Read in | English | Español | Français | Deutsch | Português | Italiano | 日本語 | 한국어 | 简体中文 | 繁體中文 | Nederlands | Filipino | Русский | Svenska | Polski

Nuova comprensione del ubiquitylation

Published on May 10, 2007 at 1:41 PM · No Comments

Risulta là è più di un modo pelare un gene. La Nuova ricerca dalla Rockefeller University suggerisce che due meccanismi unpackaging strettamente connessi del DNA non possano lavorare il pensiero degli scienziati di modo.

Access ad un gene richiede ad una miriade di proteine di funzionare in tandem per sollevare lo shell protettivo della cromatina del DNA aperto, costituita dai complessi delle proteine d'imballaggio dello speciale e del DNA chiamate istoni. La Ricerca nel Laboratorio di David Allis di Biologia e di Epigenetics della Cromatina mette a fuoco sulla comprensione delle modifiche chimiche Code alla proteina threadlike “che pendono dagli istoni. Ma due di queste modifiche d'attivazione, che aggiungono i gruppi chimici chiamati metile e ubiquitin alla lisina dell'amminoacido alle posizioni specifiche sugli istoni vicini, sono capiti male. Almeno, erano.

La ricerca Iniziale dal laboratorio di Allis ha stabilito che queste due modifiche fossero dal punto di vista funzionale relative. Gli Esperimenti hanno indicato che le mutazioni in lievito che ha abolito il ubiquitylation egualmente piombo a perdita di metilazione. Poiché il ubiquitylation ha luogo a lisina 119 su un tipo di istone, chiamato H2B e metilazione ha luogo a lisina 4 su un altro istone, H3, l'individuazione suggerito che le modifiche sugli istoni differenti comunichino a vicenda in un tipo di via di segnalazione. Ma le domande ancora sono rimanere circa la funzione di ciascuna di queste modifiche nell'attivazione della trascrizione.

Jason Tanny, un postdoc nel laboratorio di Allis ed i suoi colleghi risponde ad alcune di queste domande in un articolo di coperchio nell'emissione di Aprile dei Geni e dello Sviluppo. Tanny, primo autore del rapporto, precisato per determinare se il ubiquitylation e la metilazione sono dal punto di vista funzionale equivalenti.

Facendo Uso del lievito di fissione come modello, Tanny ha creato una mutazione in istone H2B che ha tramortito il suo sito di ubiquitylation su lisina 119 ed ha trovato che la metilazione su H3 egualmente è stata alterata, confermante la relazione fra le due modifiche.
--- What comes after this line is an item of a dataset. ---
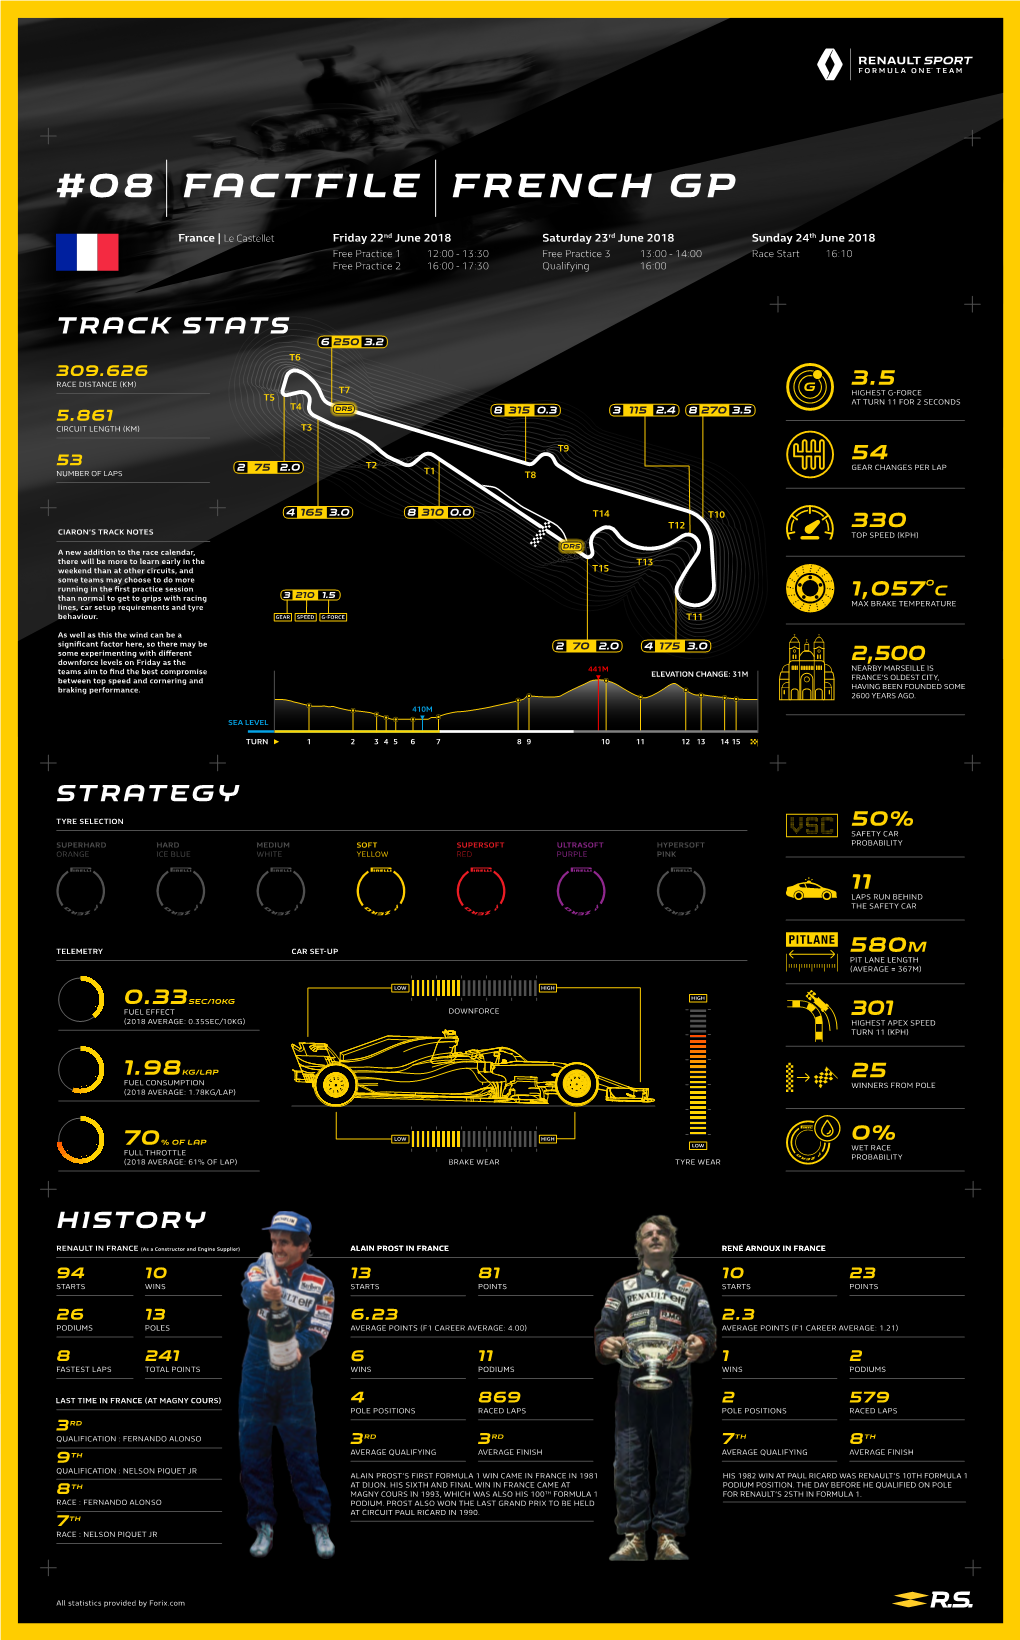 08 Factfile French GP

Egualmente ha trovato che le celle con i difetti in ubiquitylation sono diventato non sane: Le celle di lievito mutanti si sono sviluppate più lentamente delle loro celle normali della sorella.

“Se le celle sono malate, sarebbe perché state tramortendo questa via che piombo dal ubiquitylation a metilazione, “dite Tanny. 'così abbiamo pensato che quello tramortire la metilazione egualmente rendesse alle celle malato.„ Ma quando Tanny ha tramortito un gene chiamato set1, che ha abolito la metilazione su H3 senza pregiudicare il ubiquitylation su H2B, la crescita normale delle cellule era indenne. Così il ubiquitylation di H2B stava funzionando controcorrente da metilazione della lisina H3. Tanny ragione per cui il ubiquitylation stava funzionando in una via separata e stava pregiudicando la crescita delle cellule.

Tanny ha usato un'analisi di immunoprecipitazione del cromosoma per determinare dove il RNA polimerasi, il grande commputer della proteina che copia il DNA in RNA, è situato in questi geni. Ha trovato che il RNA polimerasi non ha avuto problema ottenere al promotore del gene, il primo punto nella trascrizione, ma c'erano problemi a valle, all'organismo del gene.